> THE DATA:
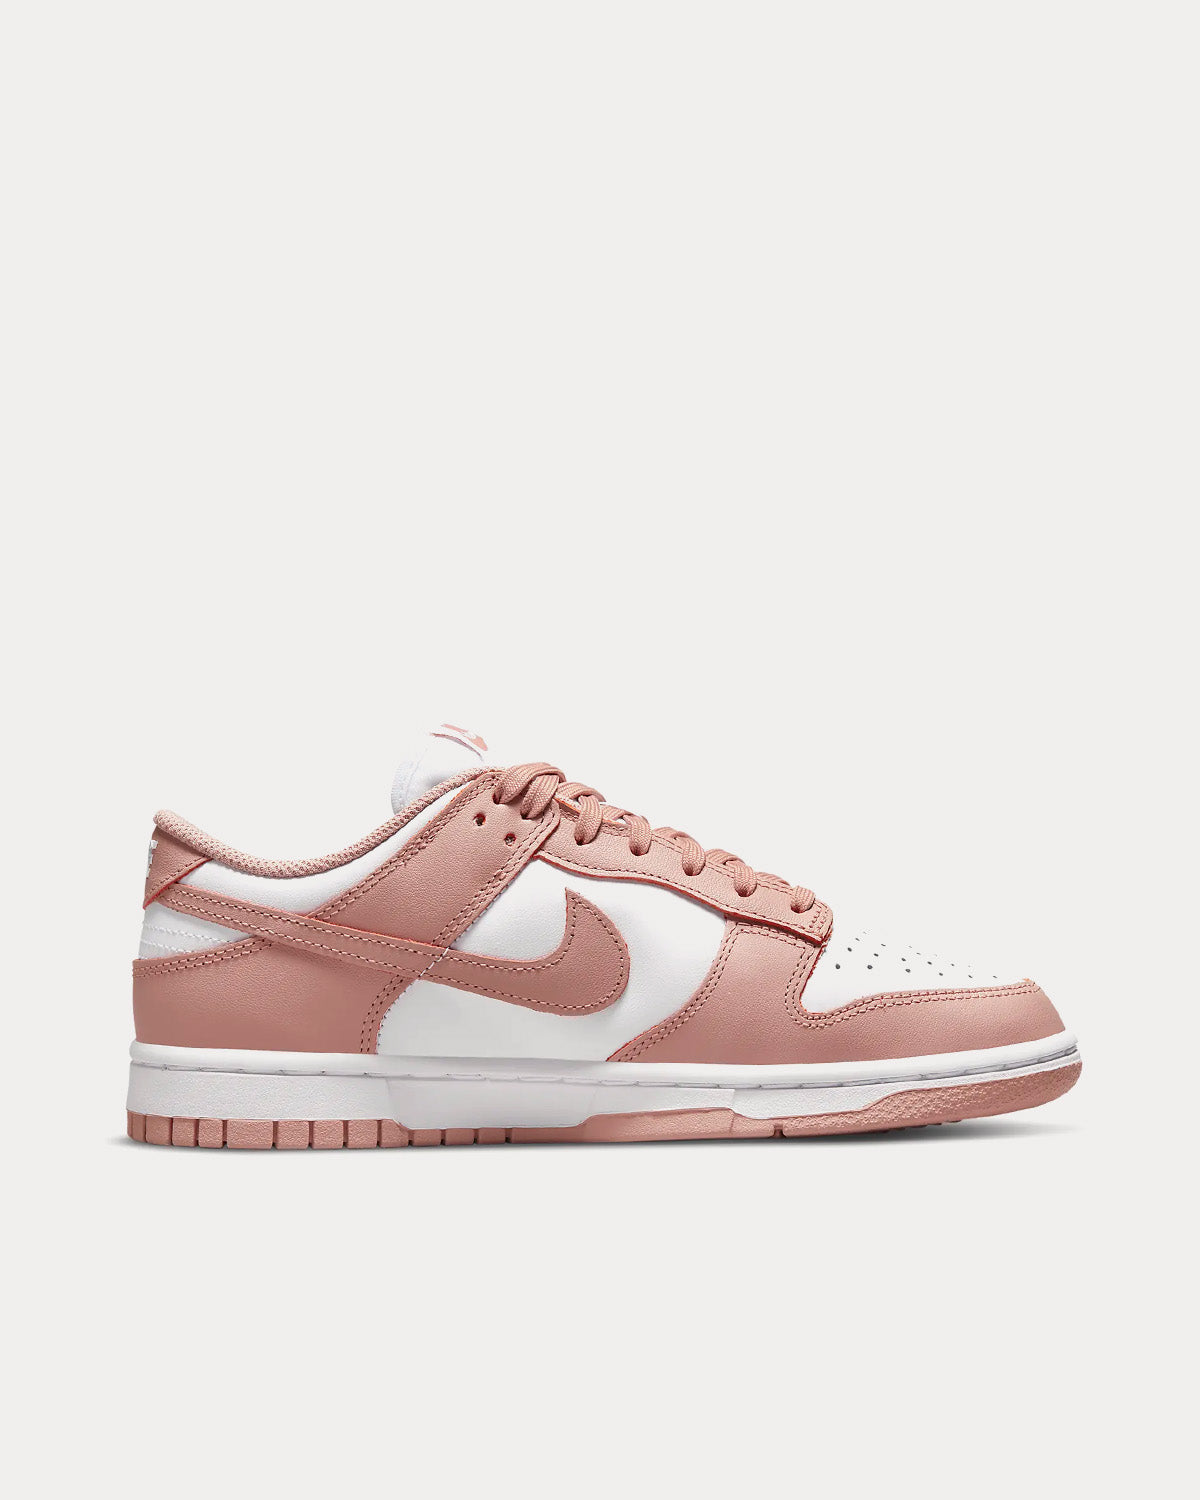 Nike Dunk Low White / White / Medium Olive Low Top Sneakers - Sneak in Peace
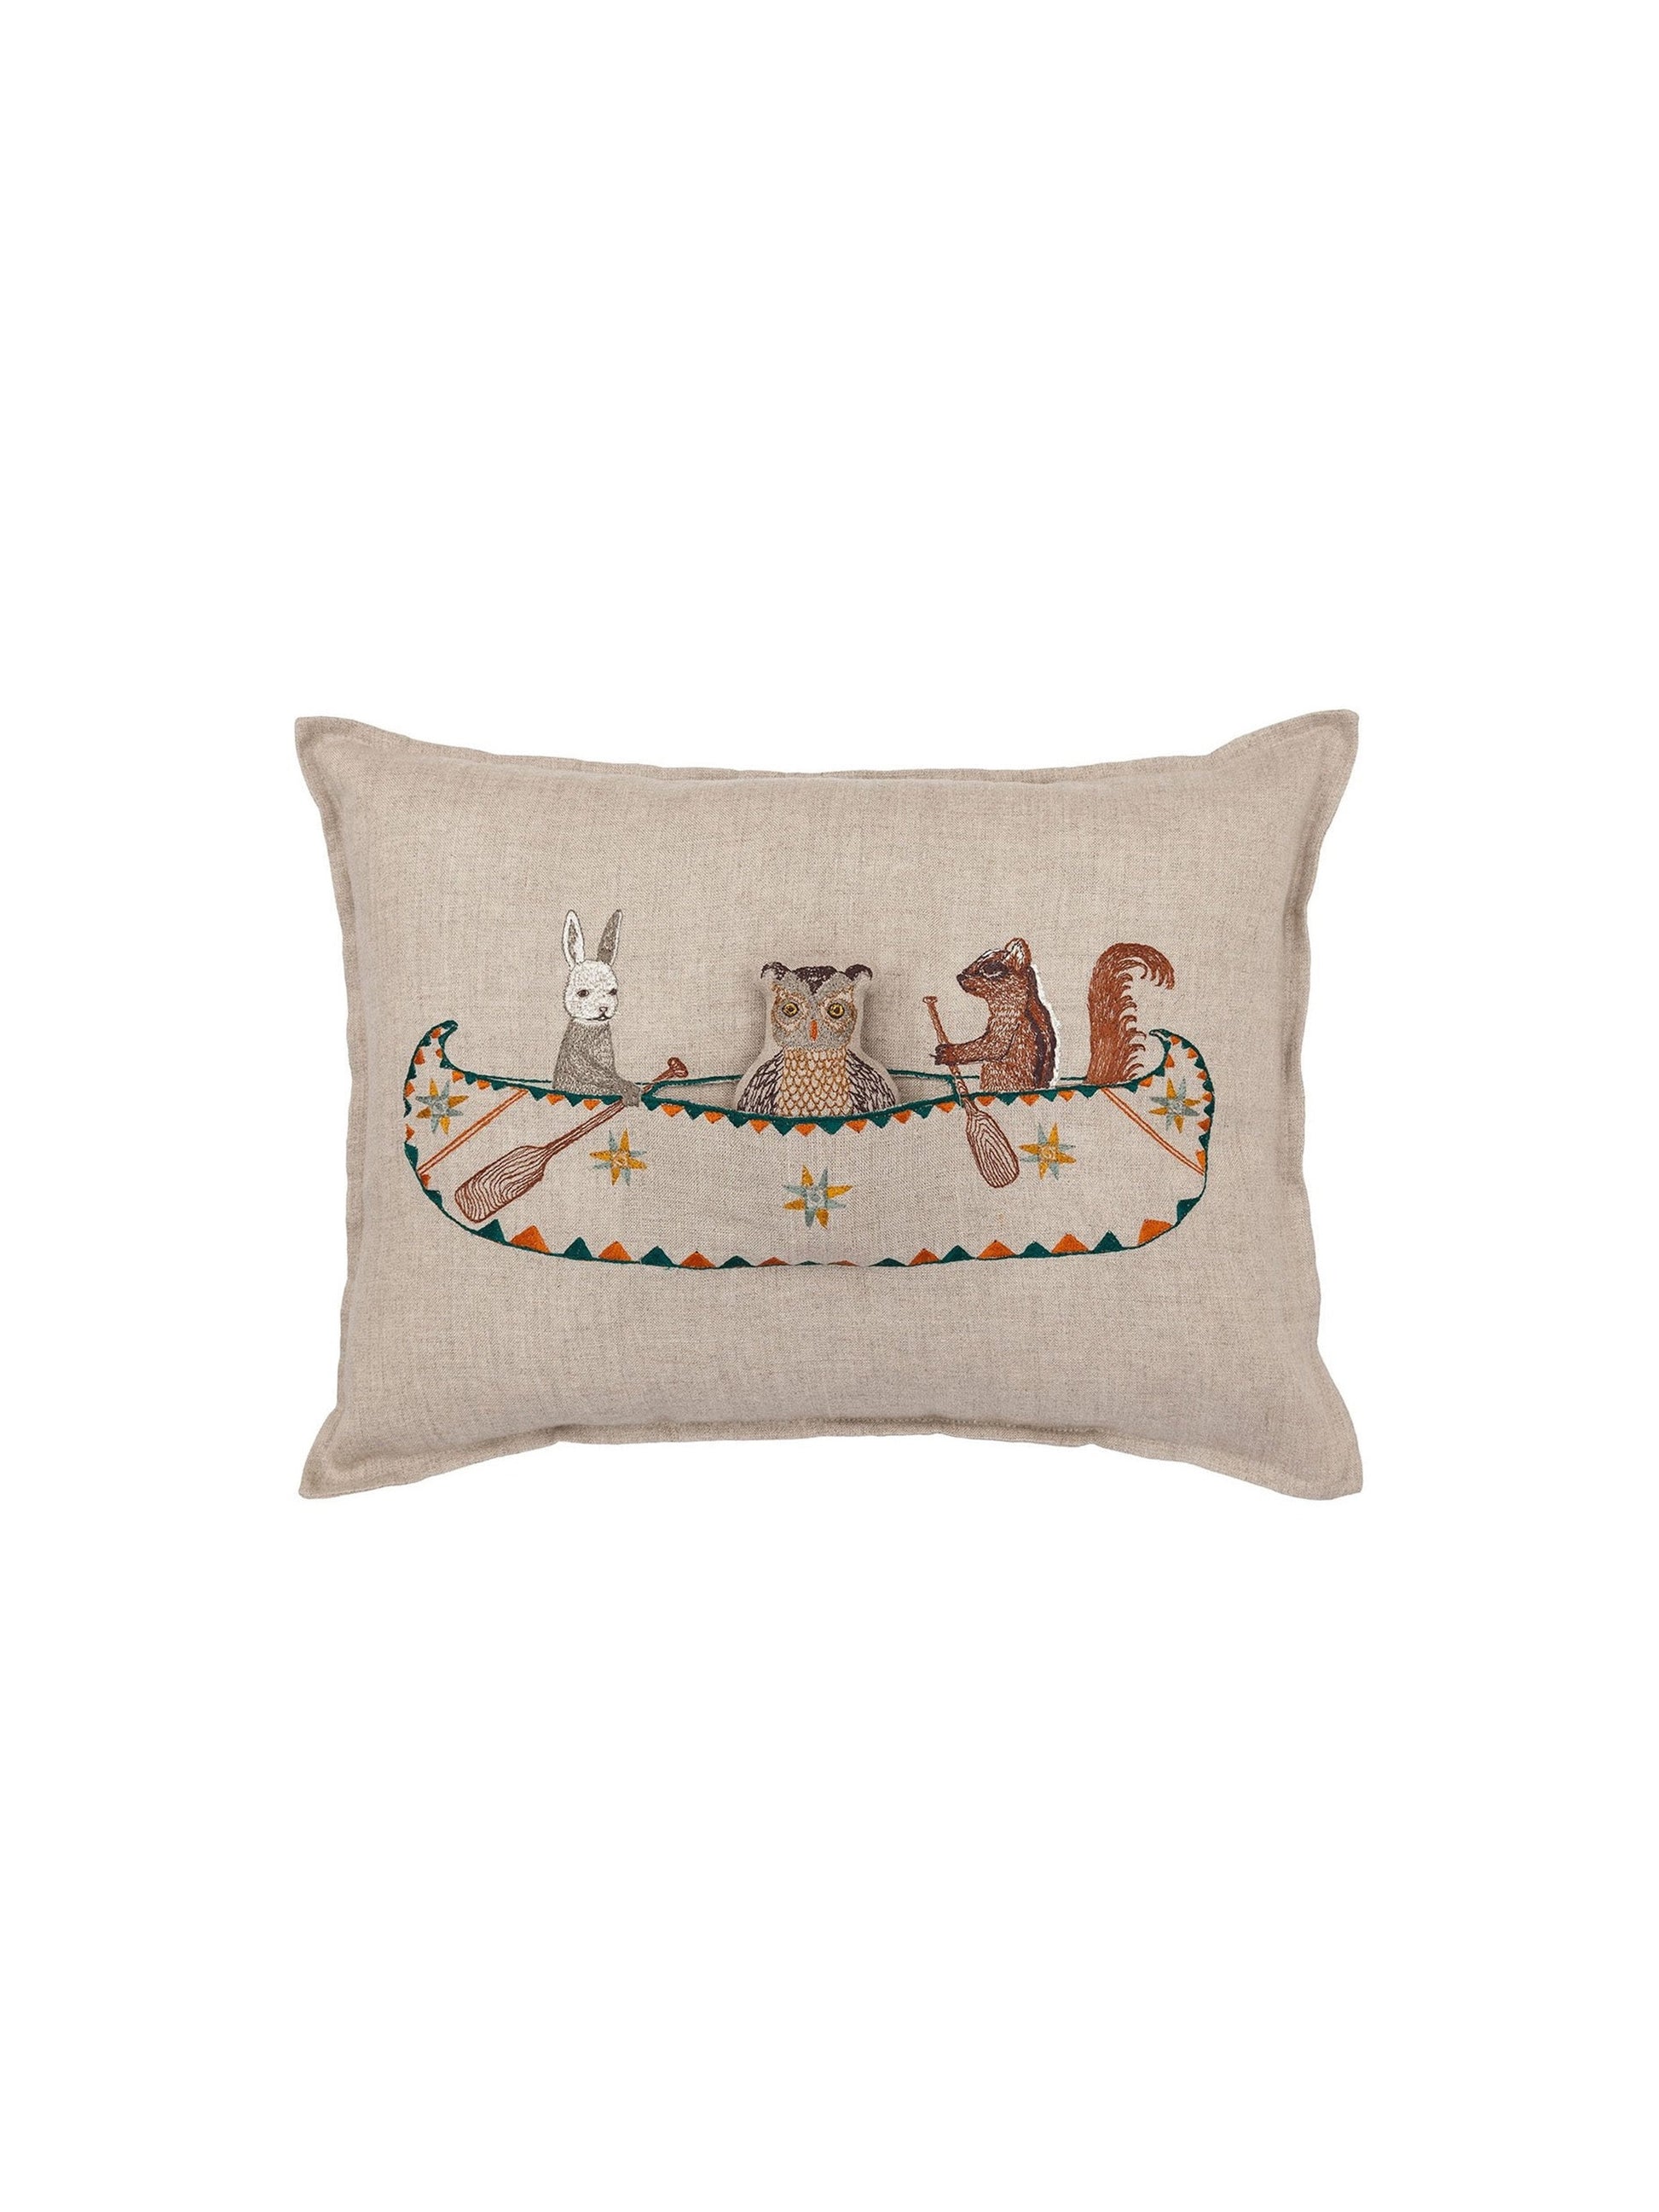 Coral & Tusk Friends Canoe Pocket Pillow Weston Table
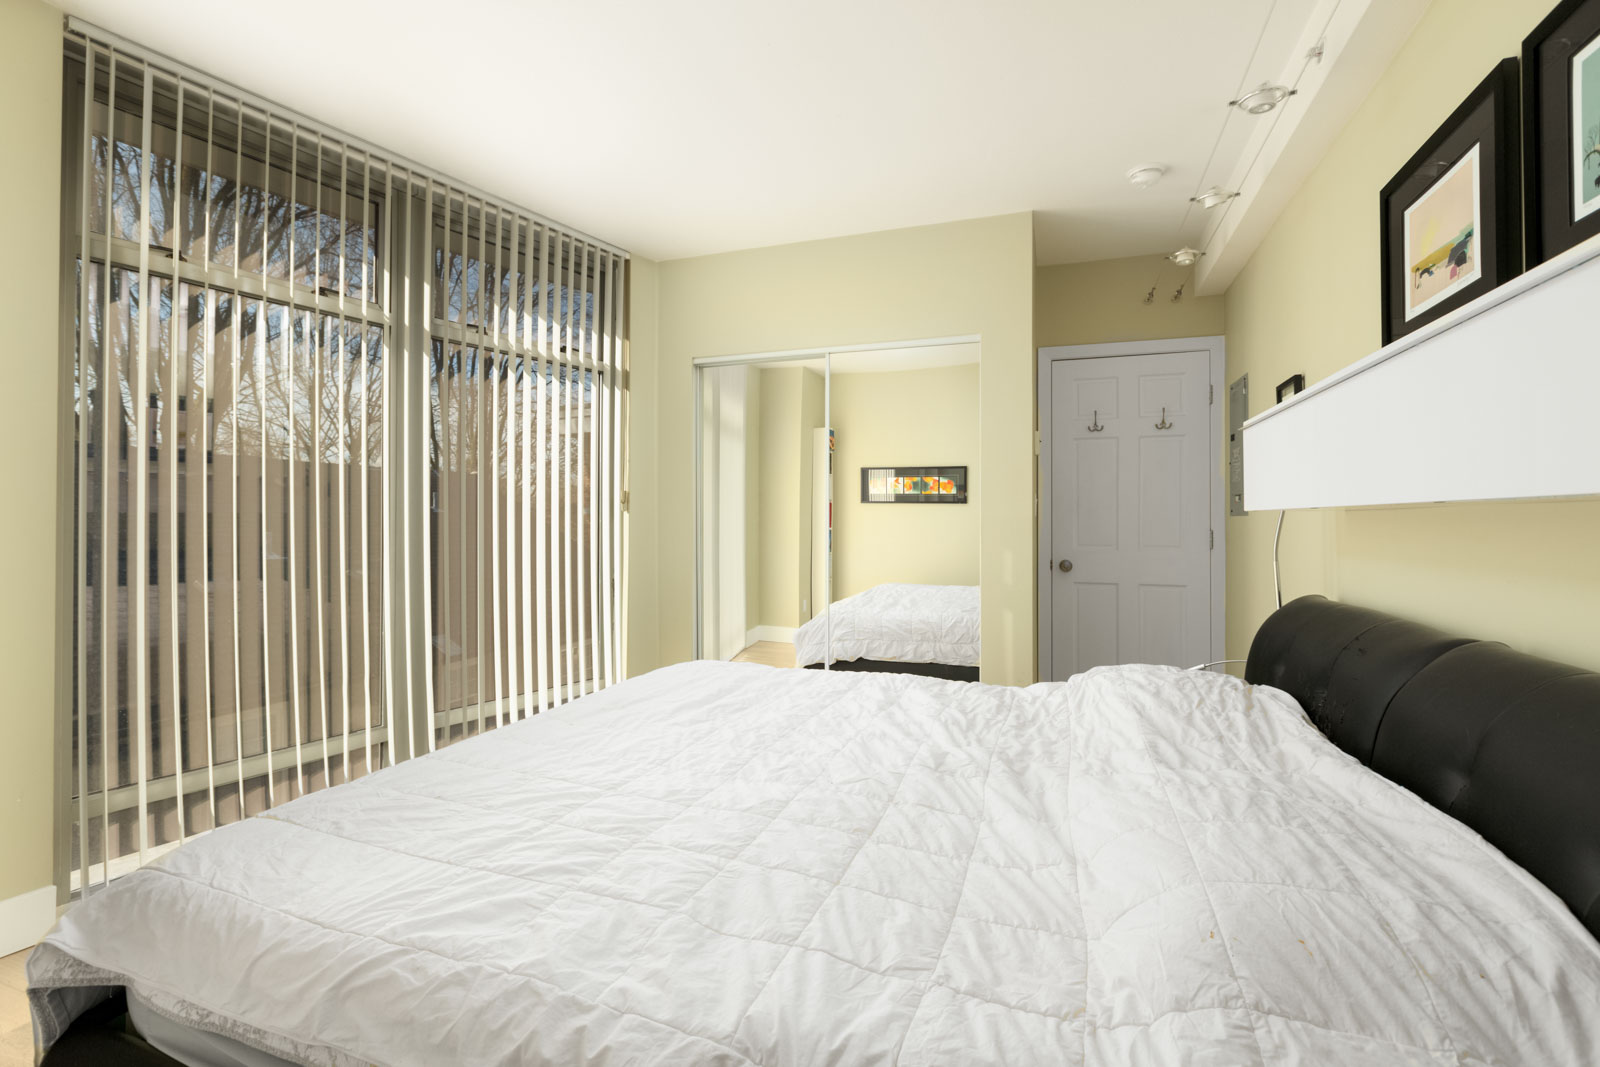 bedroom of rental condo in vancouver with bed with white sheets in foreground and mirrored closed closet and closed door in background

> WORK ORDER: The data above should be repeated exactly, minus any pictures.

> RESPONSE TO THE EXERCISE:
 Nike Dunk Low White / White / Medium Olive Low Top Sneakers - Sneak in Peace
 Coral & Tusk Friends Canoe Pocket Pillow Weston Table
 bedroom of rental condo in vancouver with bed with white sheets in foreground and mirrored closed closet and closed door in background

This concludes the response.